While it is true that a quantum-meruit contract is not sufficient to support a waiver of sovereign immunity, Paul L. Whitfield, P.A. v. Gilchrist, 348 N.C. 39, 42, 497 S.E.2d 412, 414 (1998), this is not such a case. We have previously held that analogous claims for benefits are contractual. Simpson v. Government Emp. Retire. Sys., 88 N.C.App. 218, 223, 363 S.E.2d 90, 93 (1987)("[W]e . . . hold that the relationship between plaintiffs and the Retirement System is one of contract."). In determining whether the plaintiff's claim is of a contractual nature, the most apposite case is Pritchard v. Elizabeth City, 81 N.C.App. 543, 344 S.E.2d 821, disc. rev. denied, 318 N.C. 417, 349 S.E.2d 598 (1986). Our Supreme Court subsequently cited Pritchard with approval, noting that there, "the Court of Appeals held that oral representations to municipal employees by city officials regarding accrual of benefits, upon which the employees relied, constituted a contractual agreement to which the city was bound." Bailey, 348 N.C. at 144, 500 S.E.2d at 62.

Applying this law to the case before us, the record shows that Section 10 of the Caldwell County Personnel Ordinance, as in effect at the time of plaintiff's employment, provided that any Caldwell County Employee dismissed without cause would be entitled to severance pay. If oral representation regarding accrual of benefits could constitute a contractual agreement, a county ordinance would present a much stronger argument. Indeed, our Supreme Court has spoken specifically to this, noting:

[I]t is a matter of established law that a legislative enactment in the ordinary form of a statute may contain provisions which, when accepted as the basis of action by individuals or corporations, become contracts between them and the State within the protection of the clause of the Federal Constitution forbidding impairment of contract obligations; rights may accrue under a statute or even be conferred by it, of such character as to be regarded as contractual, and such rights cannot be defeated by subsequent legislation.

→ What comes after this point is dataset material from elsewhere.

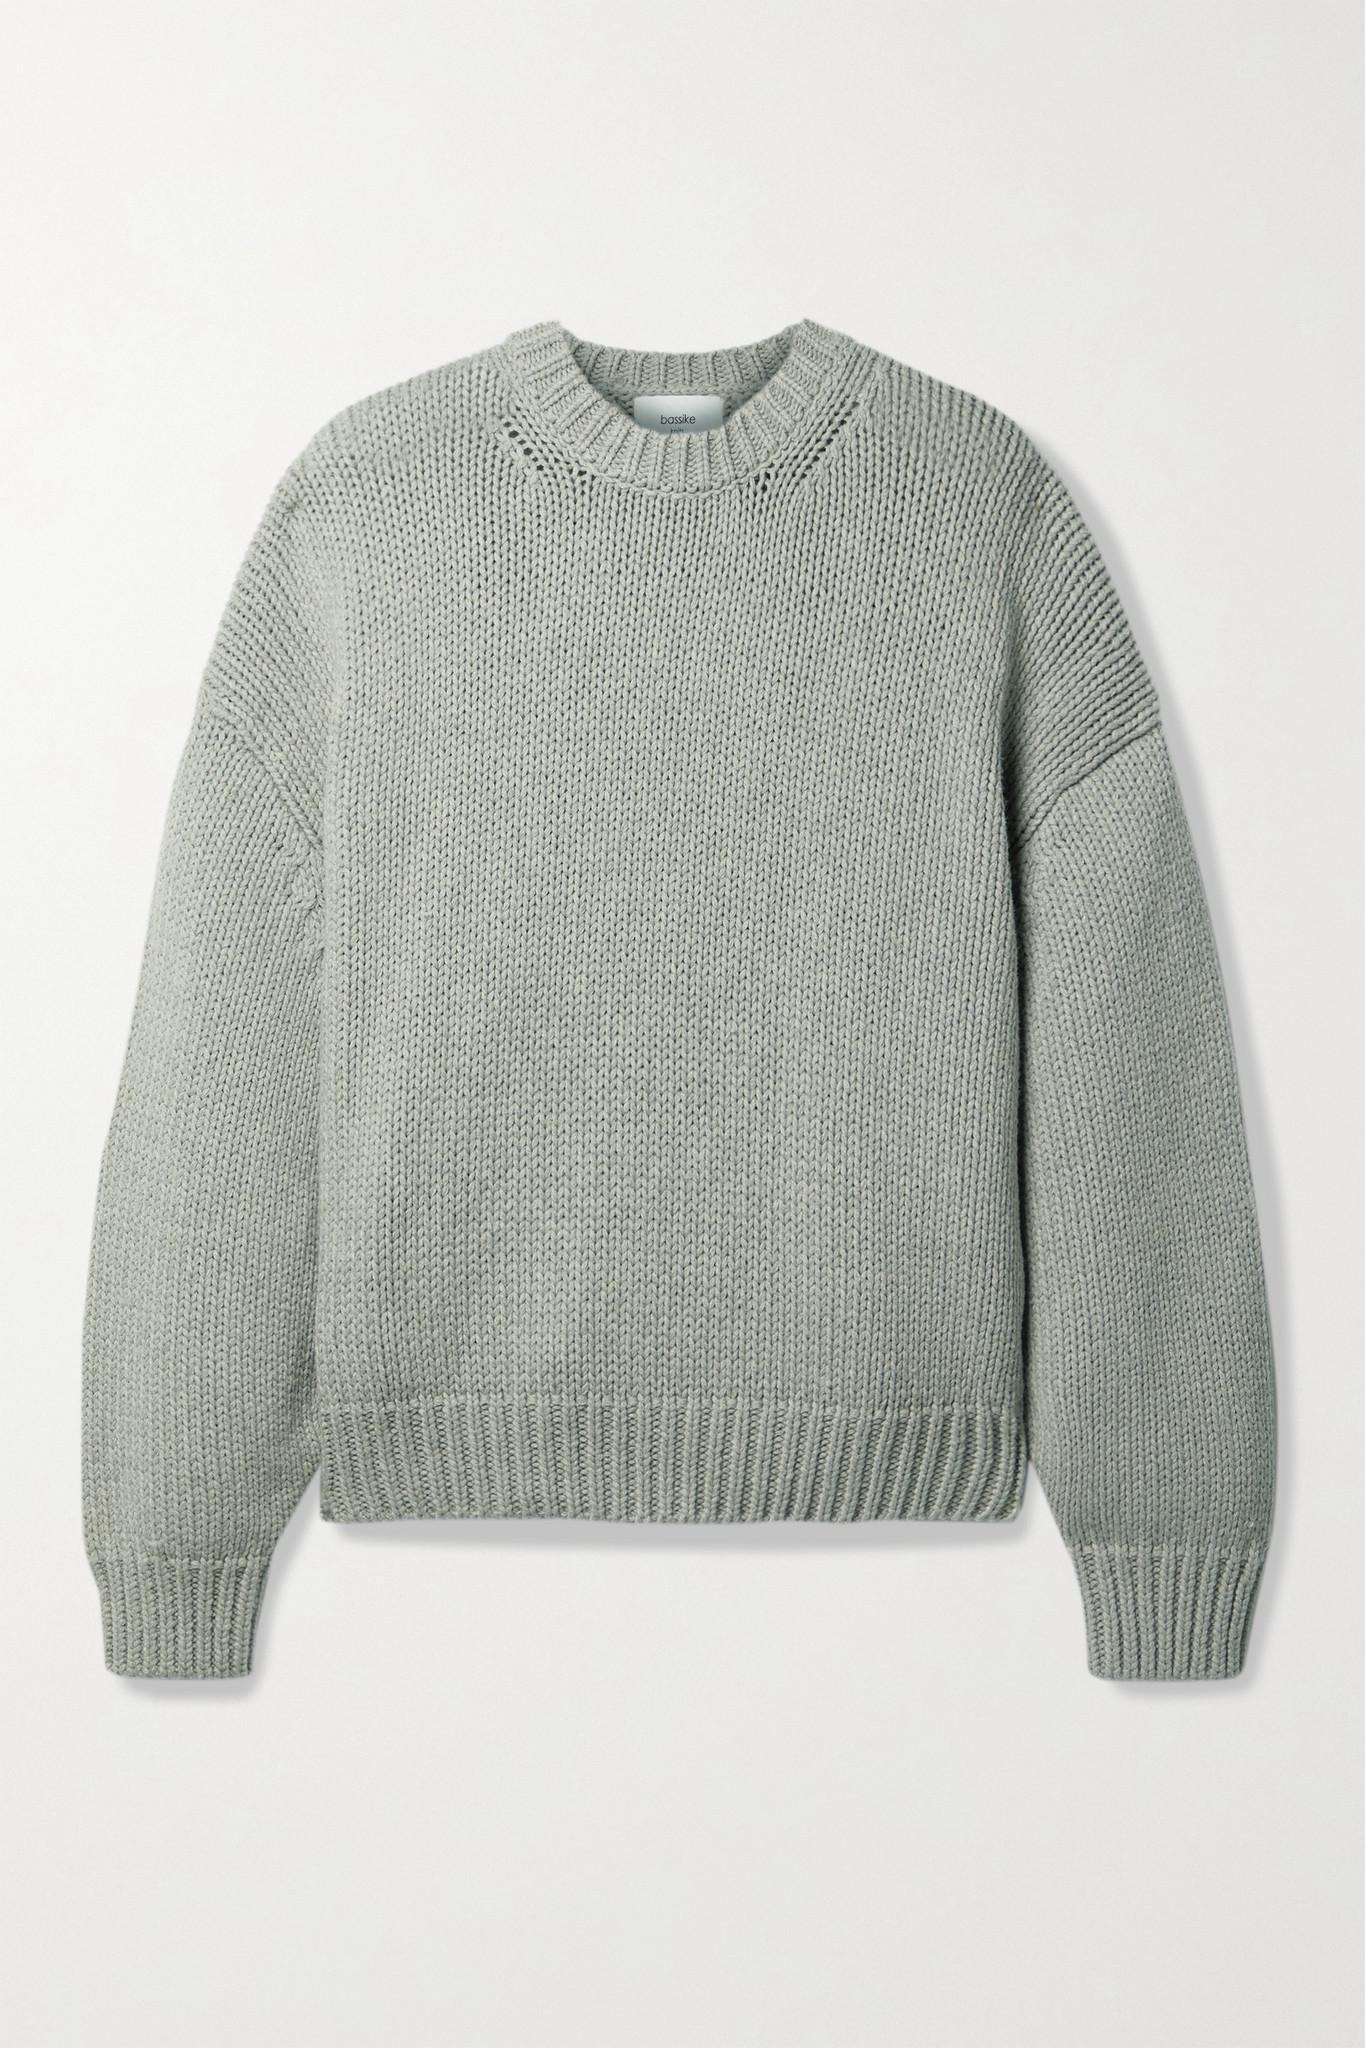 BASSIKE - 大廓形棉质美利奴羊毛混纺毛衣 - 灰色 - 1
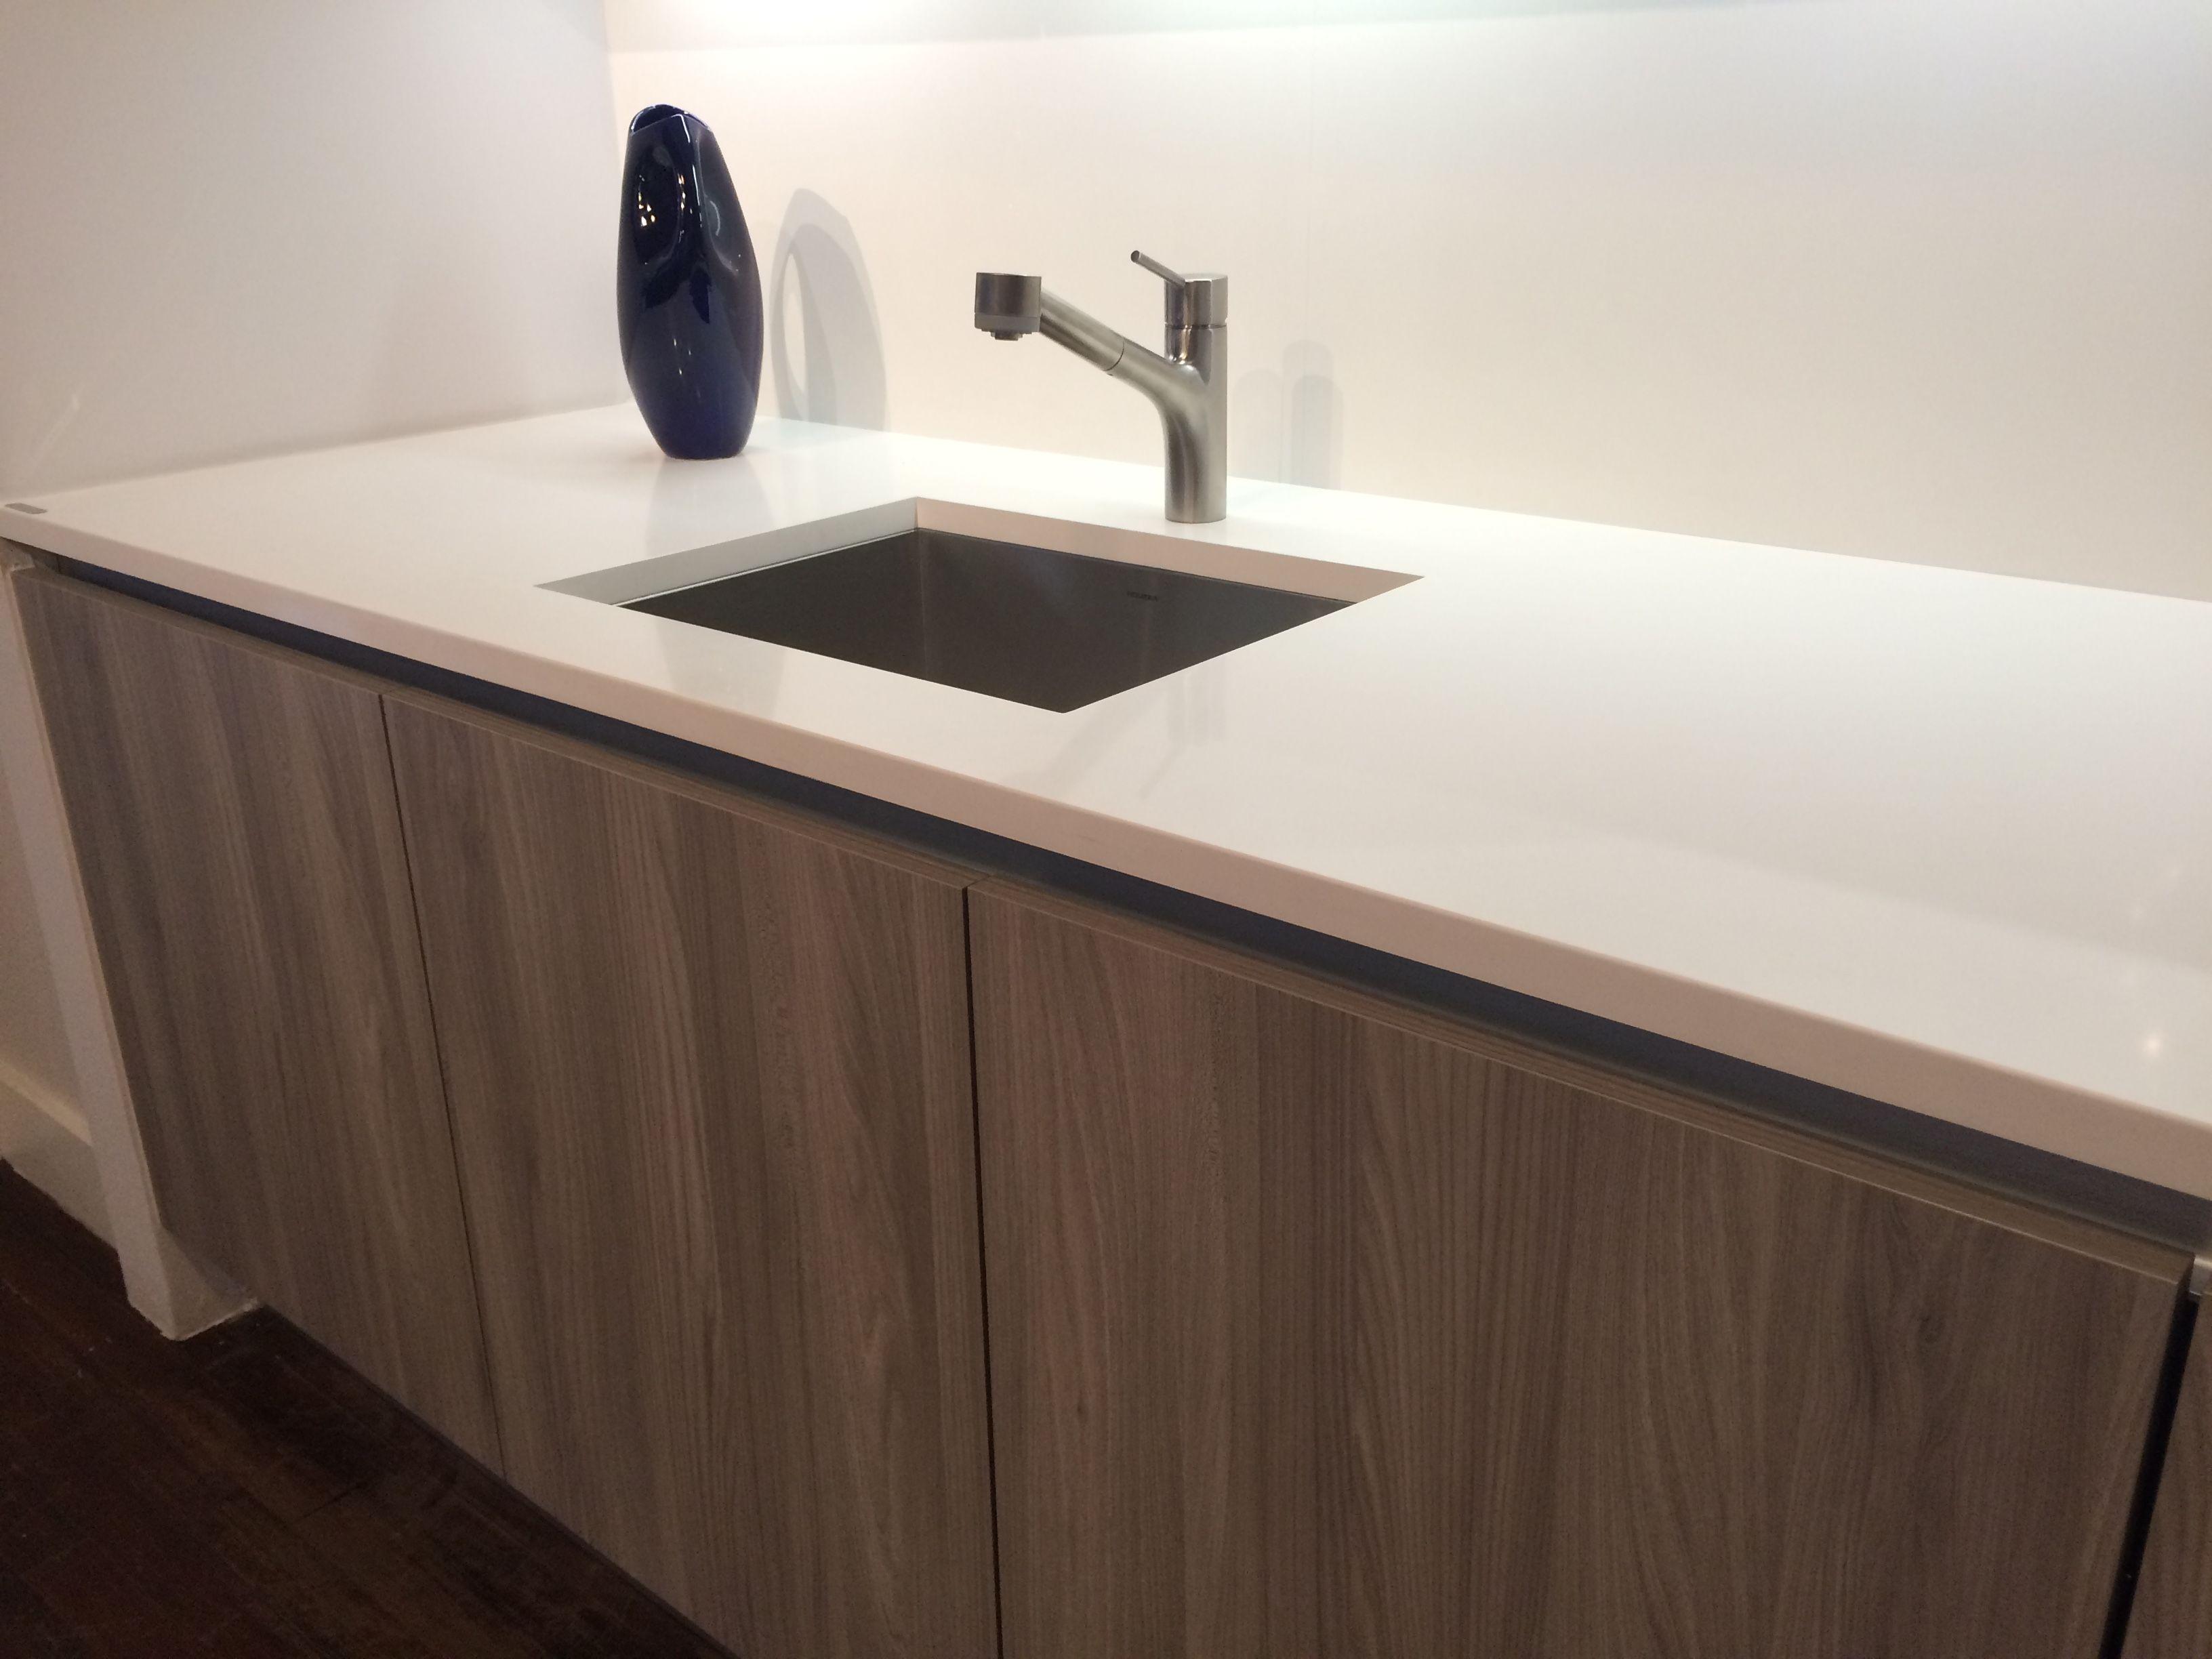 Cesar cabinets - grey oak - at Manhattan Center for Kitchen & Bath ...

Ogelsby v. Adams, 268 N.C. 272, 273-74, 150 S.E.2d 383, 385 (1966). We believe the nature of the ordinance at issue here turns this action into one based on contract, and pleading a waiver of sovereign immunity is not necessary. "When the state comes into its courts seeking their aid in annulling a contract, it is governed, in general, by the same rules as the citizen." Blount v. Spencer, 114 N.C. 770, 772, 19 S.E. 93, 96 (1894). Thus, plaintiff's action is not barred by sovereign immunity.

Defendant next argues that...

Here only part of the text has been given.